Some readers may recall an early September pre-publication commentary first appearing in “The Philadelphia Inquirer,” where I expressed my hopes for What Happened. Very sadly my hopes crashed,, and I want to explain why.  Please read on, even if you are sick of hearing about Hillary and her book.  I think my focus will offer a different take.

You see, I wanted Hillary to use her book to talk to us honestly about her campaign -- her detractors, of course, which she did focus on (often in excruciating detail), but also the lapses she and her campaign leadership were responsible for.  For example, personal polling was stopped a month before the election.  Why?

Through building this trust with us, her leadership direction in how to deal with our exceedingly dangerous, complicated present would have been carefully listened to, even, I believe, by many of those who did not support her.  This would have been especially true of women, who could have assured Hillary’s victory, but whose support was disappointingly low. The ability to communicate in this way rests with trusted connection, a hallmark of “emotional intelligence.” 

Those with emotional intelligence know how to navigate the slippery slopes of life through sincere communication with others.  Through their mutual, trusted connections they often reach their goals.  Or if goals are denied, which is frequently the case since life is not fair, those with emotional intelligence learn from the experience, and are then able to offer important insights and direction to others. Sadly, however, What Happened offers the best possible explanation of what “emotional intelligence” is not. 

 After my commentary was published, I received close to 100 emails from readers throughout our country, which fell into three camps:  those who never would have voted for Hillary, those who worked for her victory with every fiber of their being and were furious at a poorly run campaign, and those who asked for a clearer definition of “emotional intelligence,” with examples.

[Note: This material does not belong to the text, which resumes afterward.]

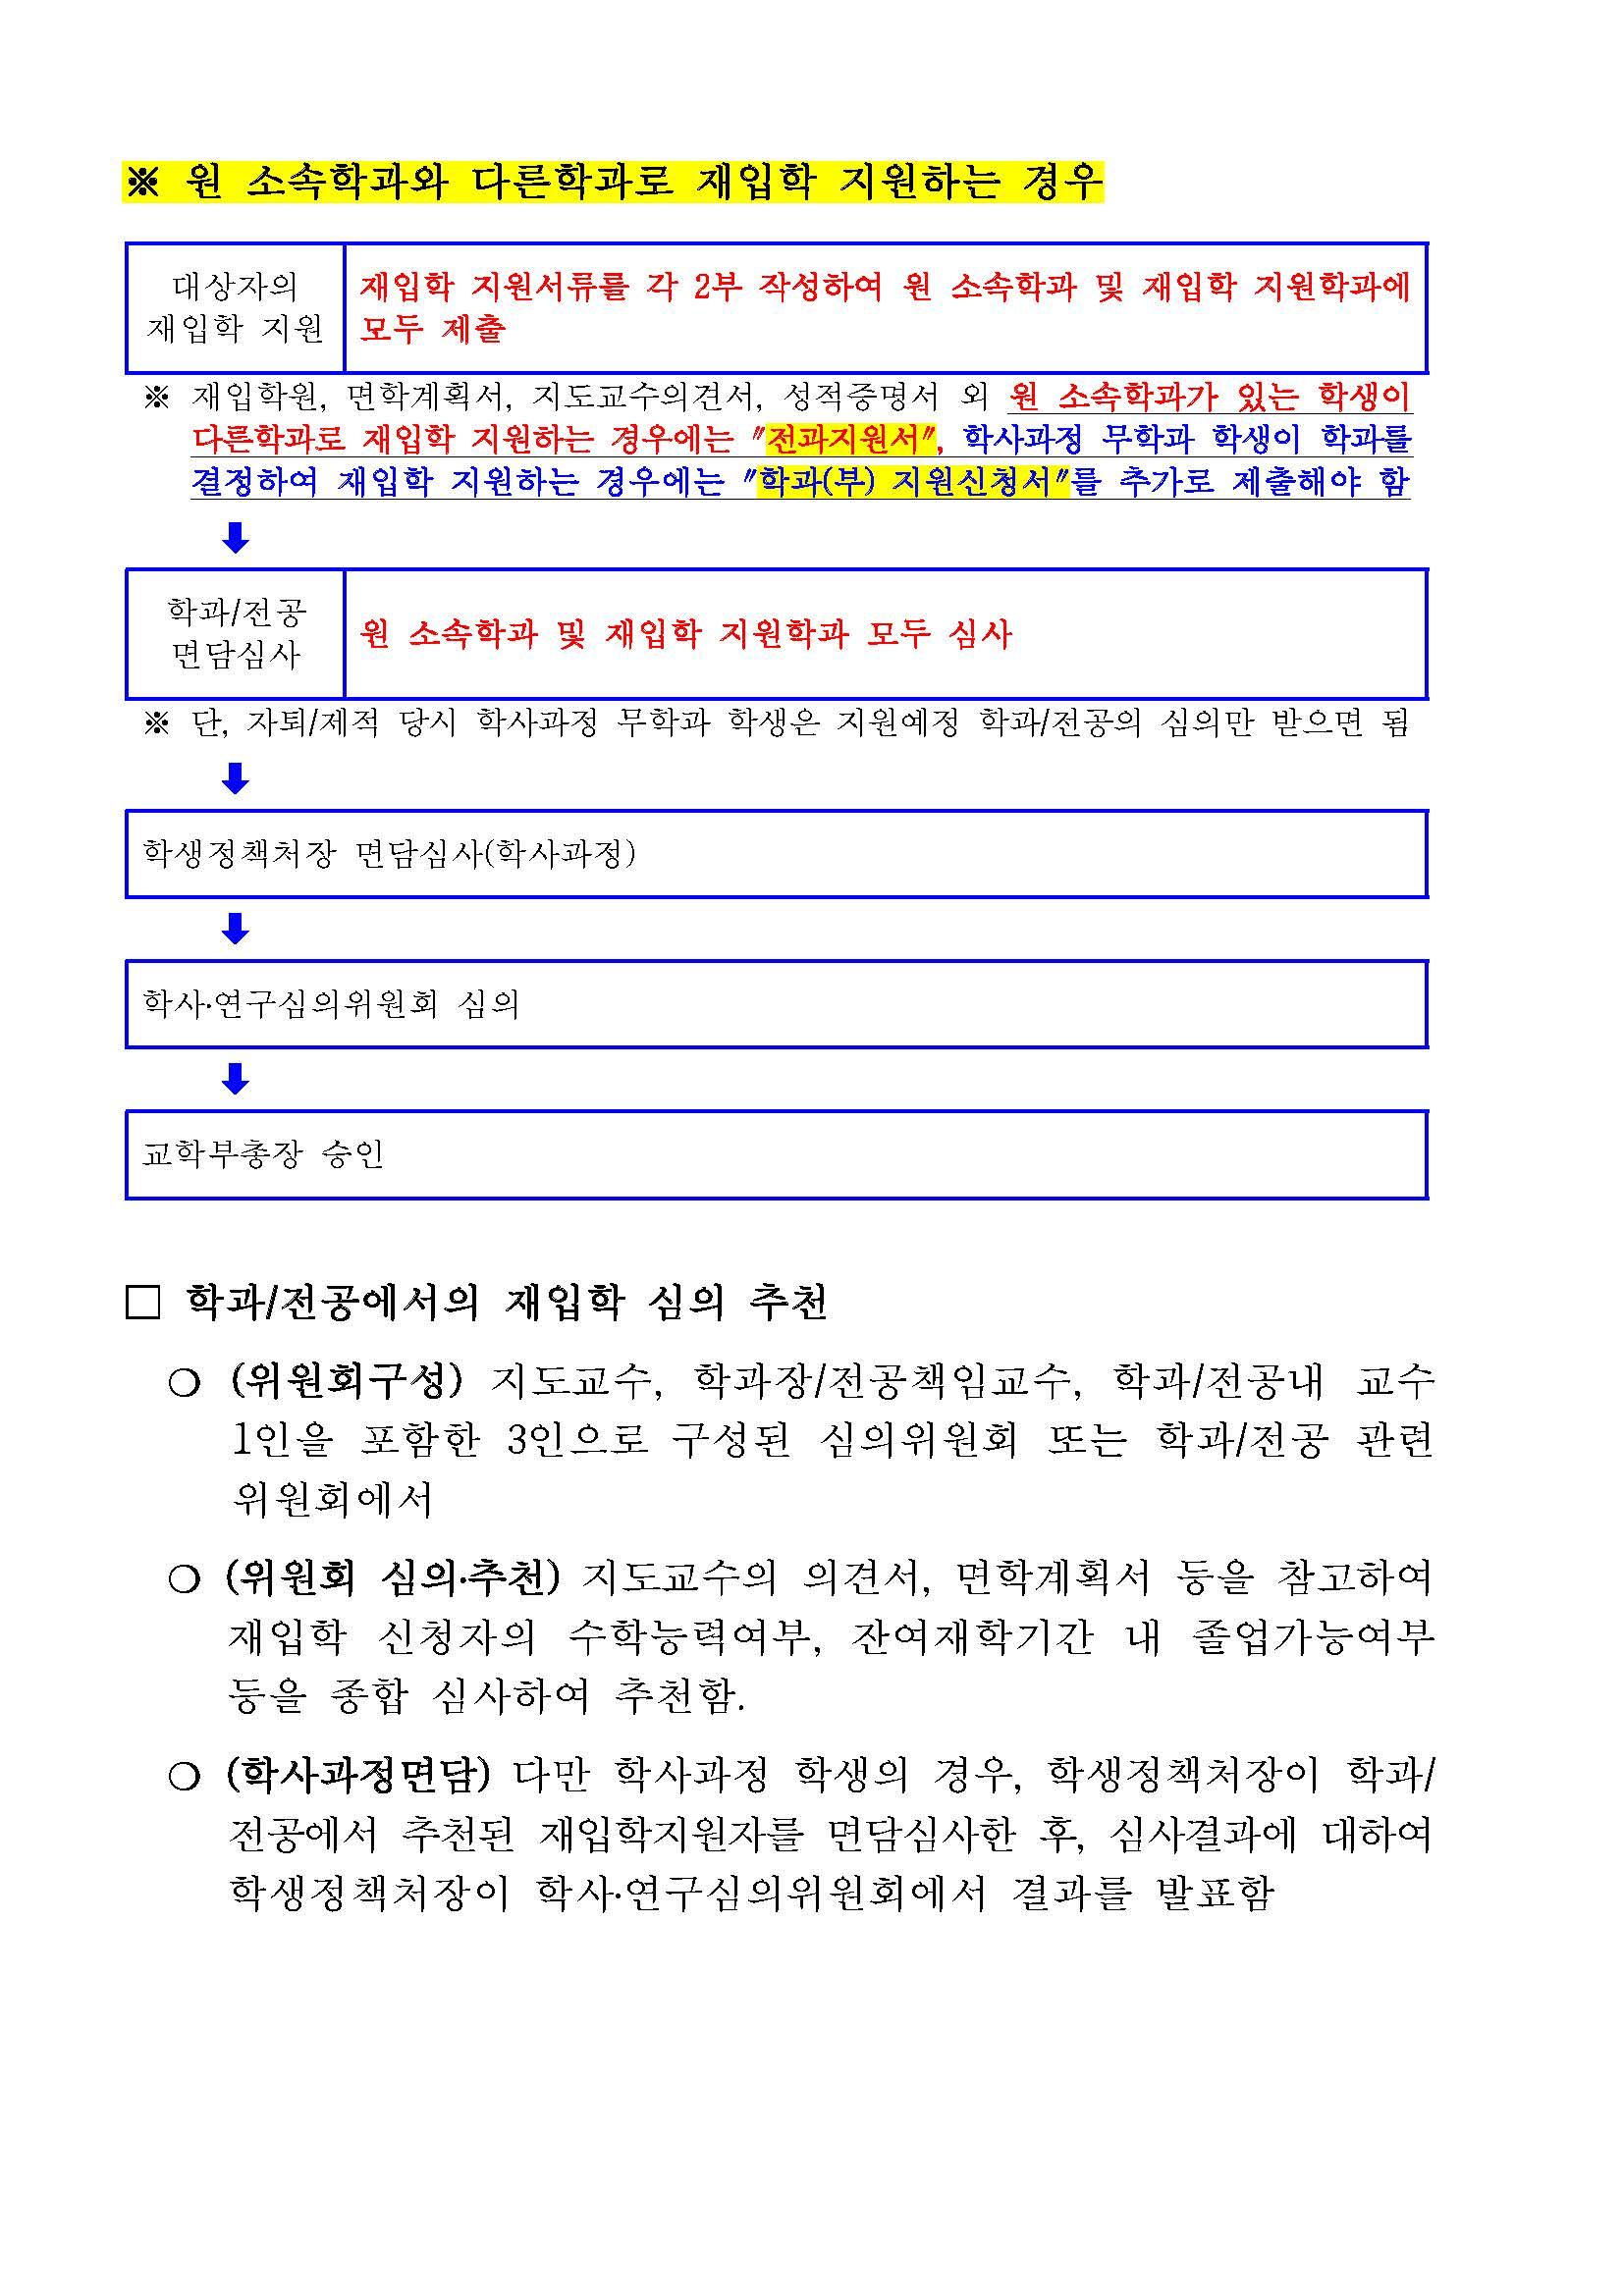 2021학년도 봄학기 각 과정 재입학지원 안내_페이지_3.jpg

Three examples follow, each underscoring the kind of missed opportunity that would lead to non-flinching loyalty of women, regardless of  a candidate’s detractors. (Do remember:  It was women’s compassion for Hillary when Monica Lewinsky came into her life that humanized her to many, leading to her senate victory.  We “got” her pain; it hit home.) 

  1. When Hillary was ill and went to her daughter Chelsea’s to rest, rather than distance herself from us, if she had told us that she had pneumonia, appreciated our concern, which would surely help her recovery, women would have been deeply moved by her truth and her trust.  In discussing this incident in her book, Hillary held on to a wall around her, showing resentment of the intrusion of her privacy.
  2.  When her husband cornered Attorney General Loretta Lynch on her plane, Hillary uses What Happened to lay all blame Jim Comey.  (Yes, Comey proved a horror to Hillary, but he did not instigate this event.) As presidential candidate, women would have rallied around Hillary if she had apologized for poor judgment and shown regret, confiding:  “As you can well imagine, Bill and I had a bad night when I learned of this.  I apologize for both of us – this conversation was especially unfair to Attorney General Lynch.”
  3. In Hillary’s personal email fiasco, consider the difference an immediate apology would have made, rather than stone-walling until an apology seemed insincere and contrived.  Women would have identified with Hillary had she spoken of all of the moving parts in her life that propelled her to take a very wrong short cut. (Once in my kitchen preparing for a dinner party I became so distracted by an overdue report  that I put rubber bands, rather than noodles, in the chicken soup.  Don’t ask!  And you?), In her book we read a 32 page defense of her actions.  She calls her decision “dumb” but explains that others did it, and it is still being done.